Can the US compete with China? Not without strong patent rights.
In the second Republican presidential debate, candidates spoke forcefully about China, alternately calling for outright decoupling, claiming we are already in a new cold war, and pledging to “declare independence from China.”
Their rhetoric reflects a broader concern across government about strategic dependence and maintaining America’s technological edge, which the U.S. House Select Committee on the Chinese Communist Party addressed specifically in a hearing over the summer. What went unmentioned was the recent revelation that China’s Huawei’s release of its newest smartphone, which contains a domestically produced chip that is prompting questions about the effectiveness of U.S. export controls, demonstrates that a strategy of technology denial alone will not be sufficient to maintain U.S. leadership.
The passage of the CHIPS and Science Act was a significant initial step, providing more than $50 billion to expand U.S. semiconductor manufacturing capacity and promote scientific research. While we cheer this vital infusion of funding, federal investment on its own will never be enough for us to compete.
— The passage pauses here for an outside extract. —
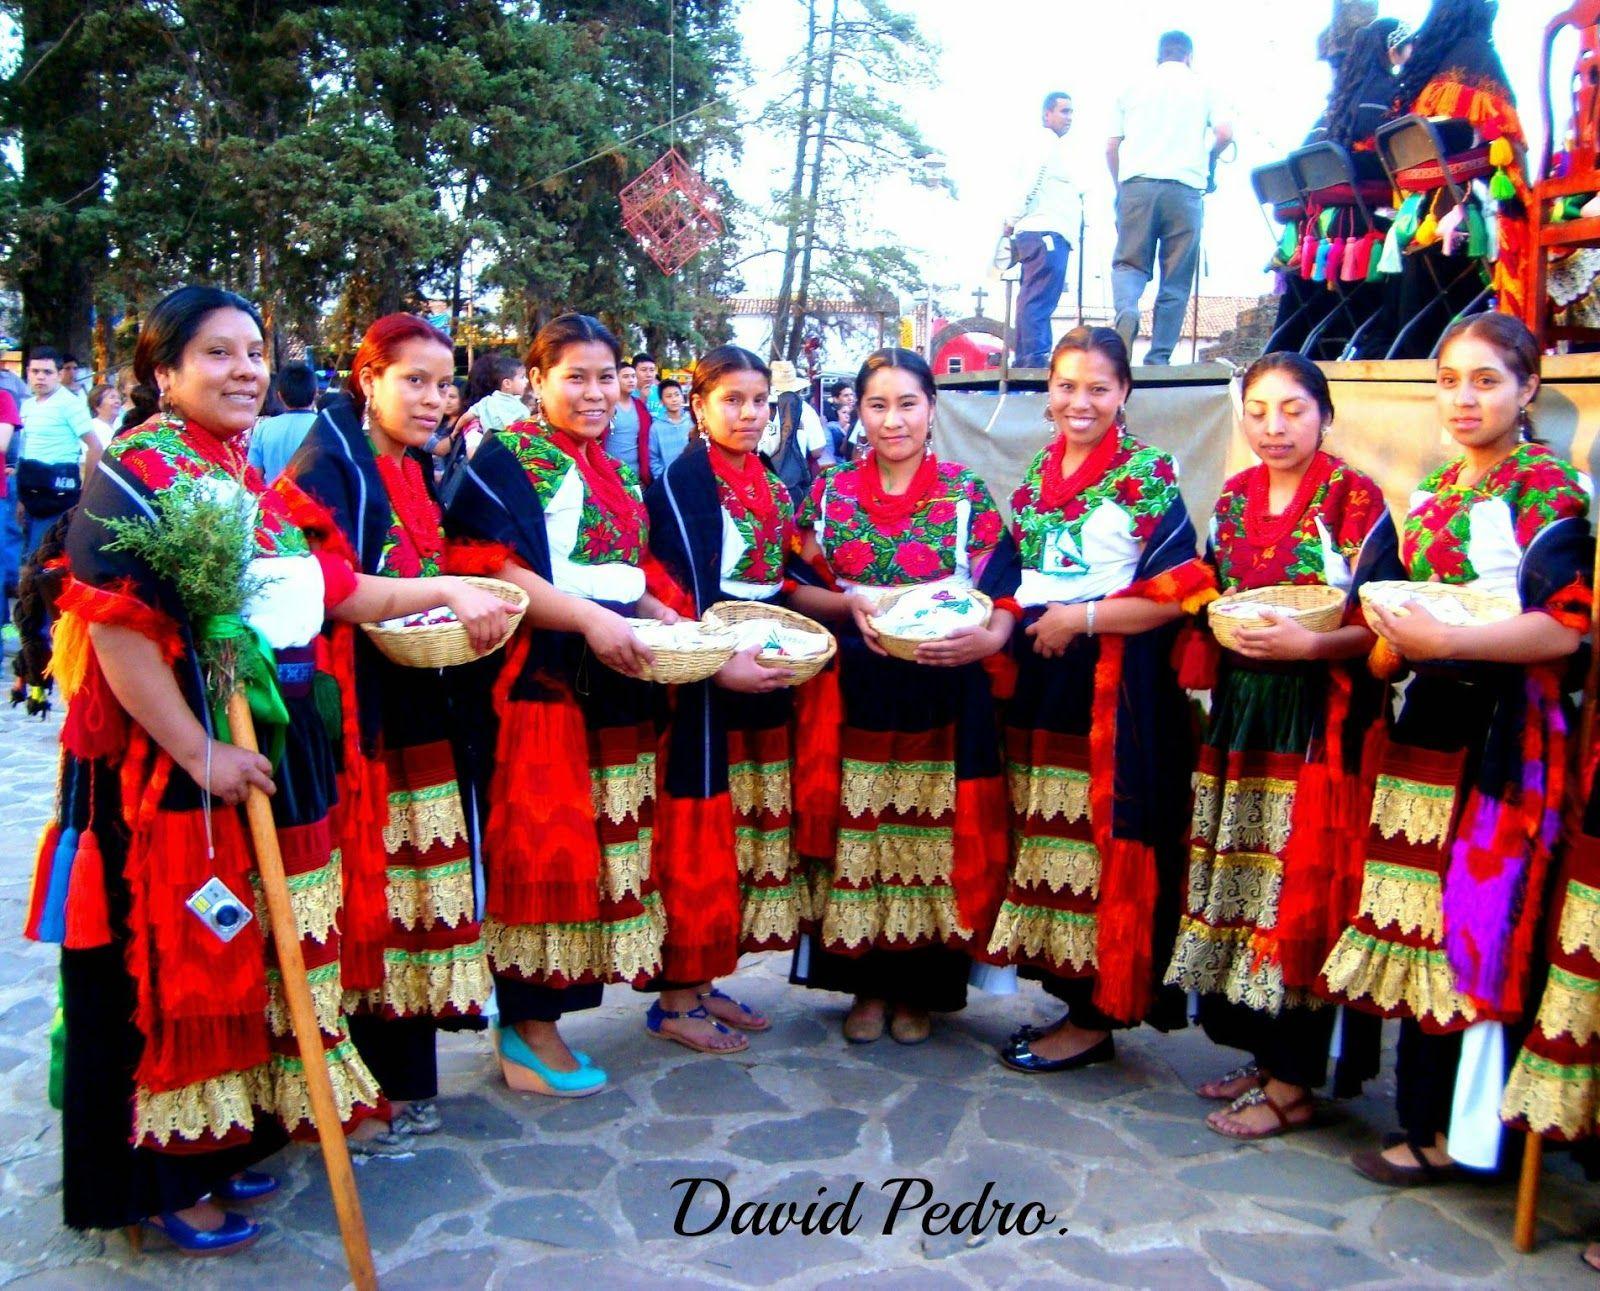 Tarecuato Gente De Michoacan 2 Pinterest Mexican People

When China’s leaders want to dominate an emerging technology like 5G, artificial intelligence, or quantum computing, they direct their centrally planned economy to steer billions of yuan into those areas. Coupled with that are the inherent advantages of Beijing’s military-civil fusion strategy, which, unlike Western systems, seeks to break down firewalls and “create stronger linkages between its civilian economy and defense industrial base,” to share information, collaborate and synchronize efforts. The objective is to advance technological and military dominance hand in hand.
In the United States, there are some historical examples of government-funded research projects leading to commercial technology breakthroughs. However, we increasingly rely on having the right policies to incentivize the private sector to innovate. And for more than 200 years, a strong, reliable and predictable patent system has been a key tool in the U.S. policy arsenal.
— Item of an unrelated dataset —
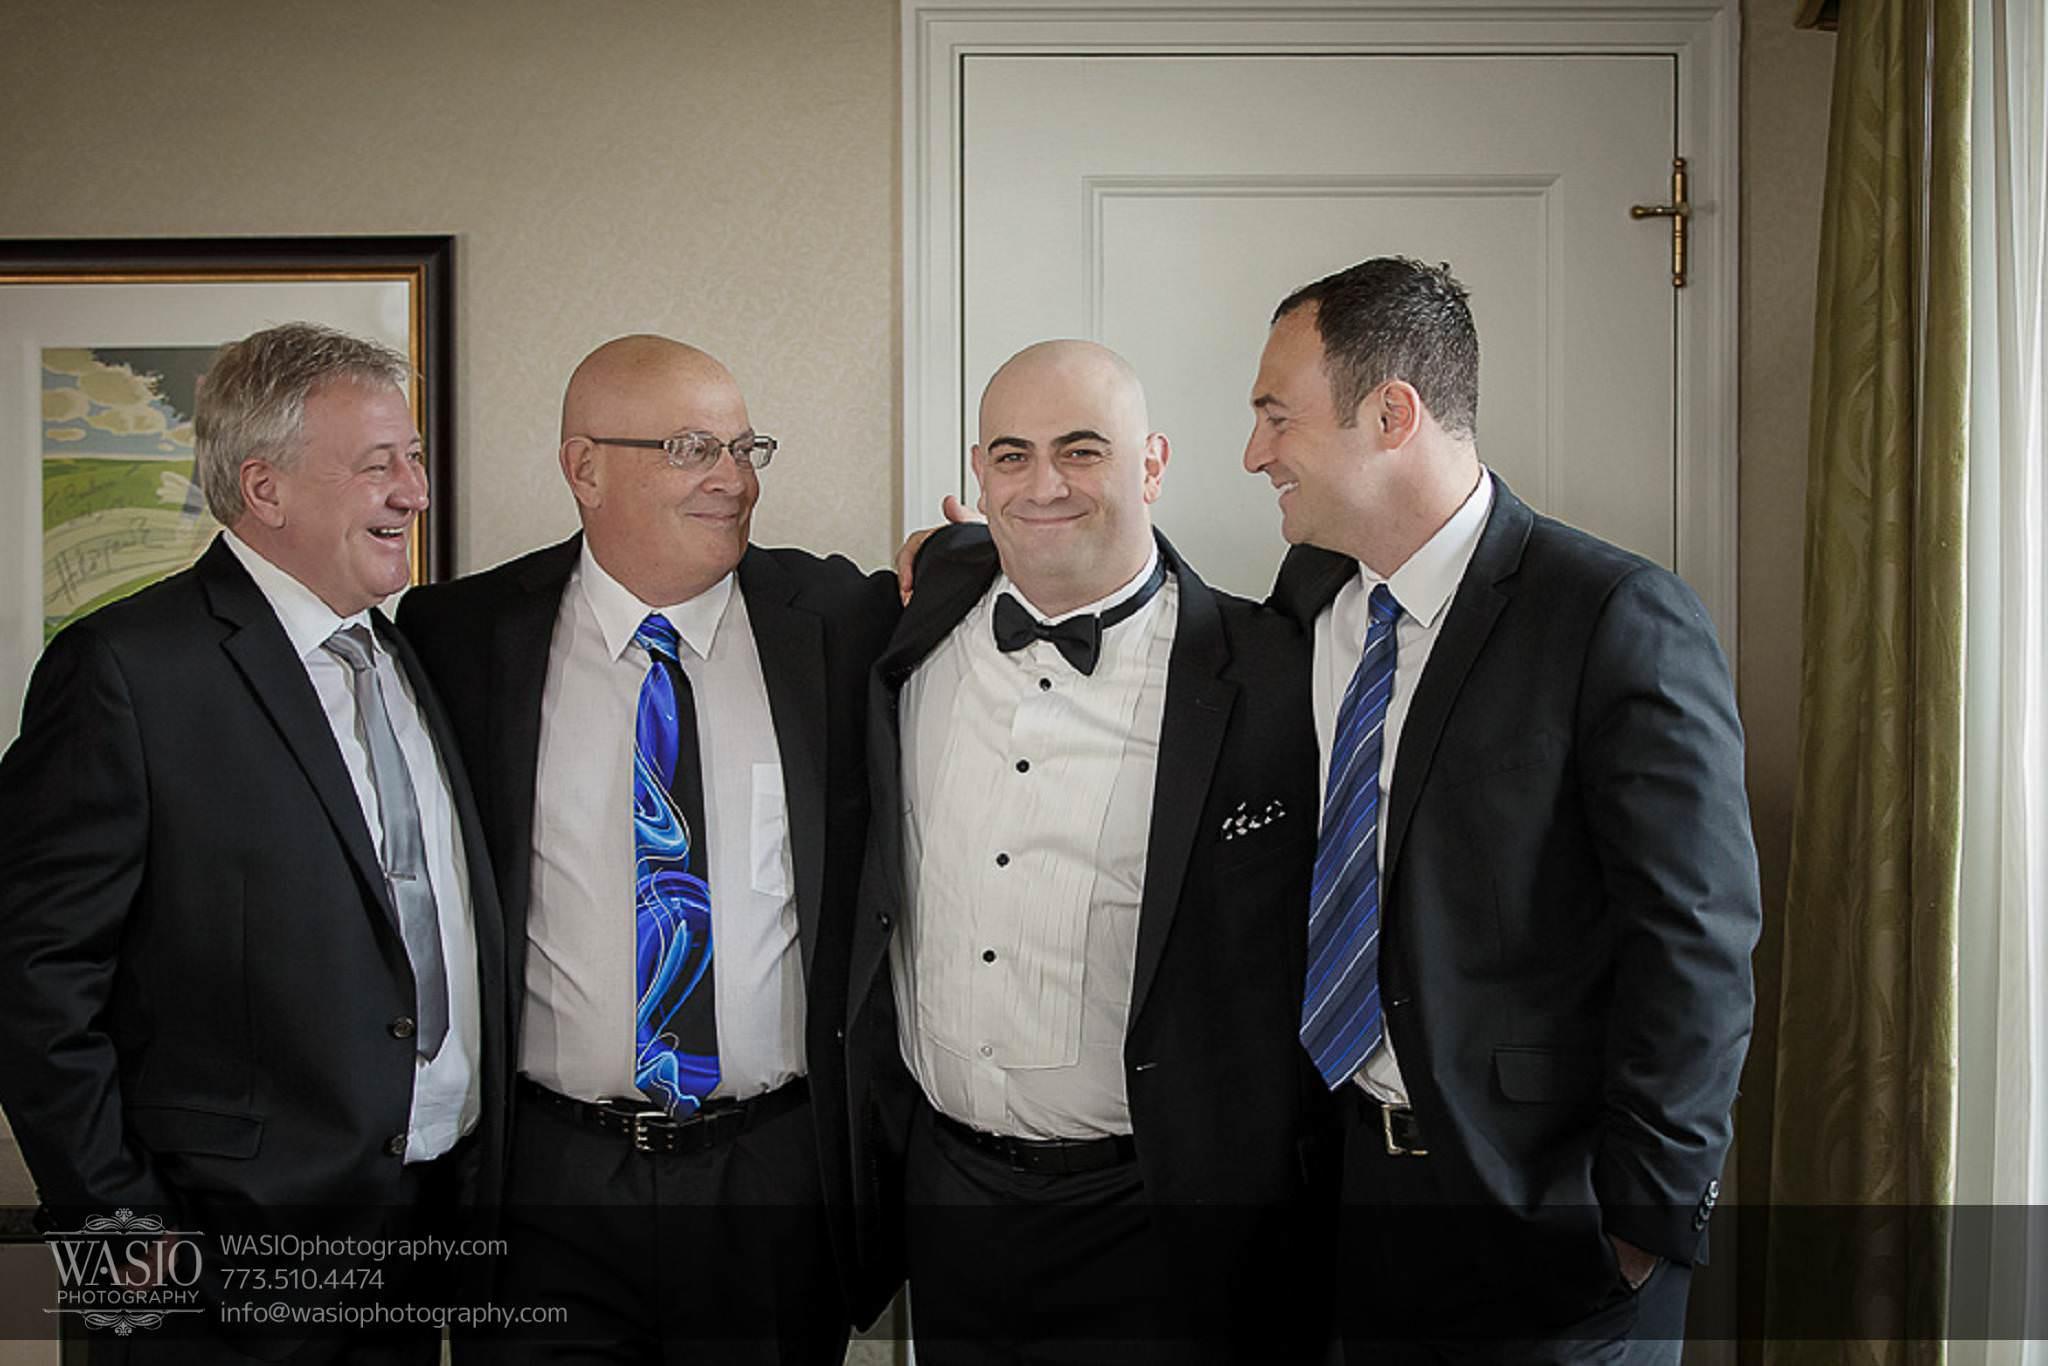 Chicago-wedding-photos-groomsmen-palmer-house-preparation-041 Chicago Wedding Photos - Svetlana + Yuriy

By giving inventors a time-limited, exclusive right to use, sell or license their invention, patents have encouraged and rewarded risk-taking and promoted technological breakthroughs. They have provided small inventors, universities, start-ups and entrepreneurs a path to market entry, where they’ve been rewarded by commercial success rather than government assistance. By allowing one inventor to build on the ideas of another, patents have been a driving force in accelerating American innovation.
Given the resounding success of our patent system and its importance to our economic strength and national security, it is distressing that we have seen a continuing assault on that system over the last several decades. A combination of legislative action and judicial decisions have resulted in a weakening of patent rights. This inability to enforce patents and receive a fair return on investment disincentivizes innovation and its private sector funding.
The signs of this happening are clear. In recent years, venture capital funding has increasingly flowed toward investment opportunities outside of the United States, with our share of global venture capital funding falling from 82 percent in 2004 to 49 percent in 2021. And the United States has fallen in key rankings of global innovation.
Meanwhile, China has moved in the opposite direction, strengthening its patent system to complement government-funded efforts and incentivizing its own innovators in its quest to overtake the United States. To demonstrate its commitment, China elevated its new patent office to a Cabinet-level equivalent and has enforced its new patent protections firmly. At the same time, it has challenged foreign patent claims in fora like the World Trade Organization and our own Patent Trial and Appeal Board (PTAB).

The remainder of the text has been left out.